Tattooing is again popular through out the Pacific after the missionaries tried to stop the practice a half century ago. On Tahiti they (Tahitian as well as the French) stick mostly to traditional Polynesian style made up of black patterns, though you will see the occasional heart or eagle. Though the fashion tattoos today, made with a modern tattoo-gun at one of the tattoo studios, are the most esthetically to look at, there is just something authentic about the elder's old and faded pieces that easily fill out a whole leg or back. These were made by hand with the use of crude tattooing instruments by repeatedly tapping a stick with a row of needles into the skin. So when you get tired of looking at the turquoise sea, turn your eyes to the walking skin art in the streets.

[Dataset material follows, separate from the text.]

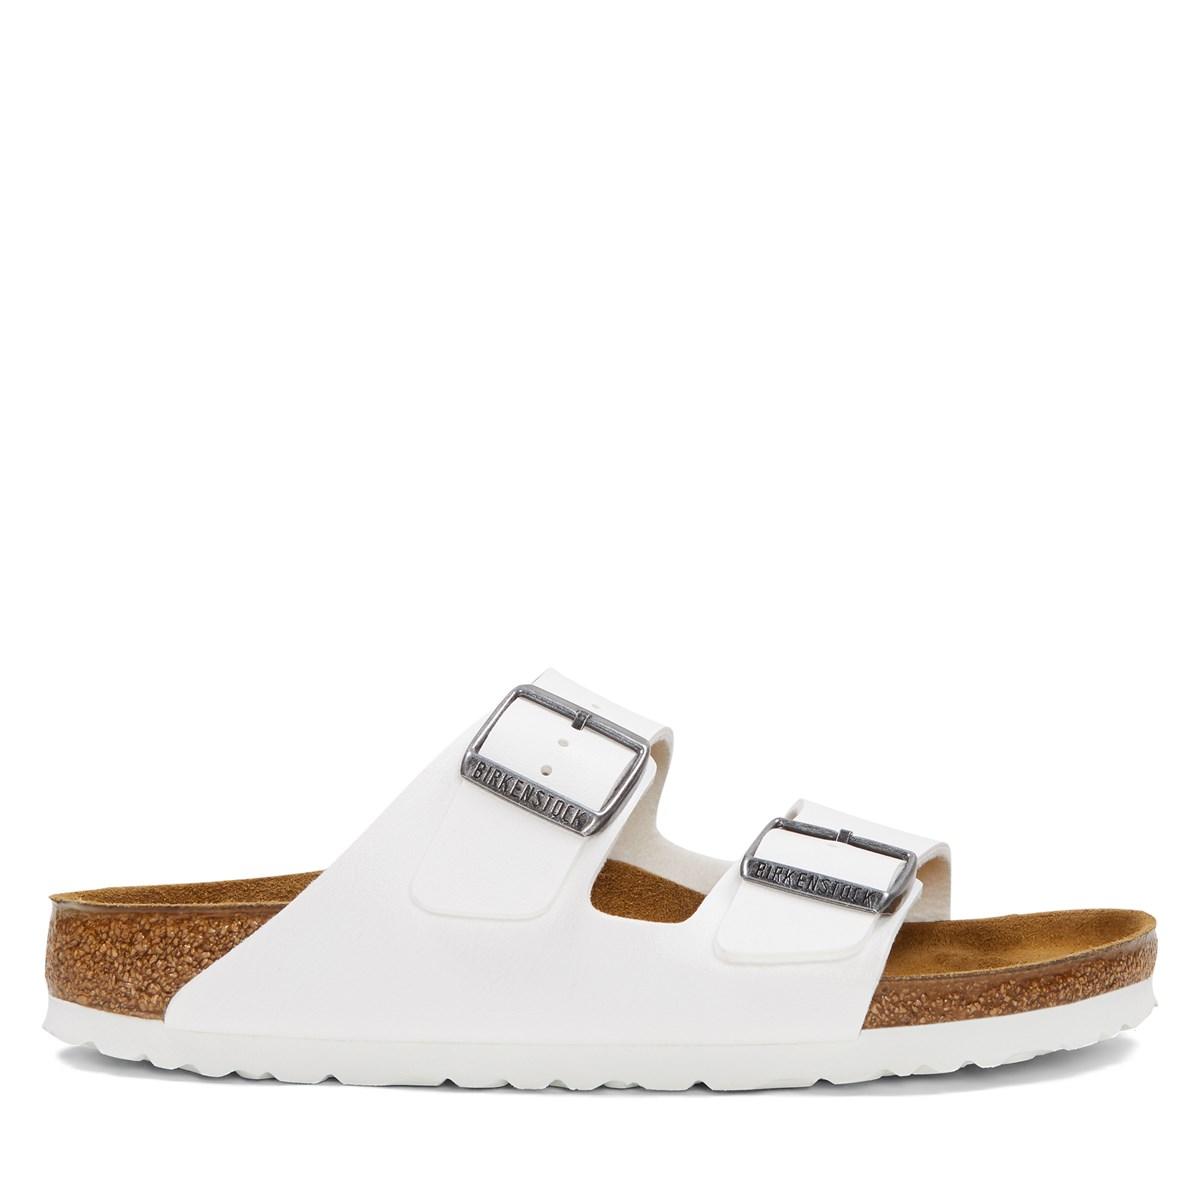 Sandales Arizona blanches pour femmes

To grasp the charm of Tahiti you need to see the island as a whole, rather than a string of single sights. The west coast is the most groomed and have a handful of sights that cater to the few tourists that actually venture out of their resorts. This include the fine lighthouse at Point Venus, the pretty garden of Maraa cave and the lovely located Gauguin museum (yes, the French painter) that actually does not have a single original painting of the guy (understandable though, consider their values). The road from Papeete to Tahiti Iti (the sizable lump attached to Tahiti's southeast end) wind along the coast passing a range of small patches of beaches, where none are of the white-sand-palm-fringed-postcard-worthy quality that the French Polynesia is otherwise known for, and ending in Tahiti Iti, where the famous Teahupoo wave is breaking.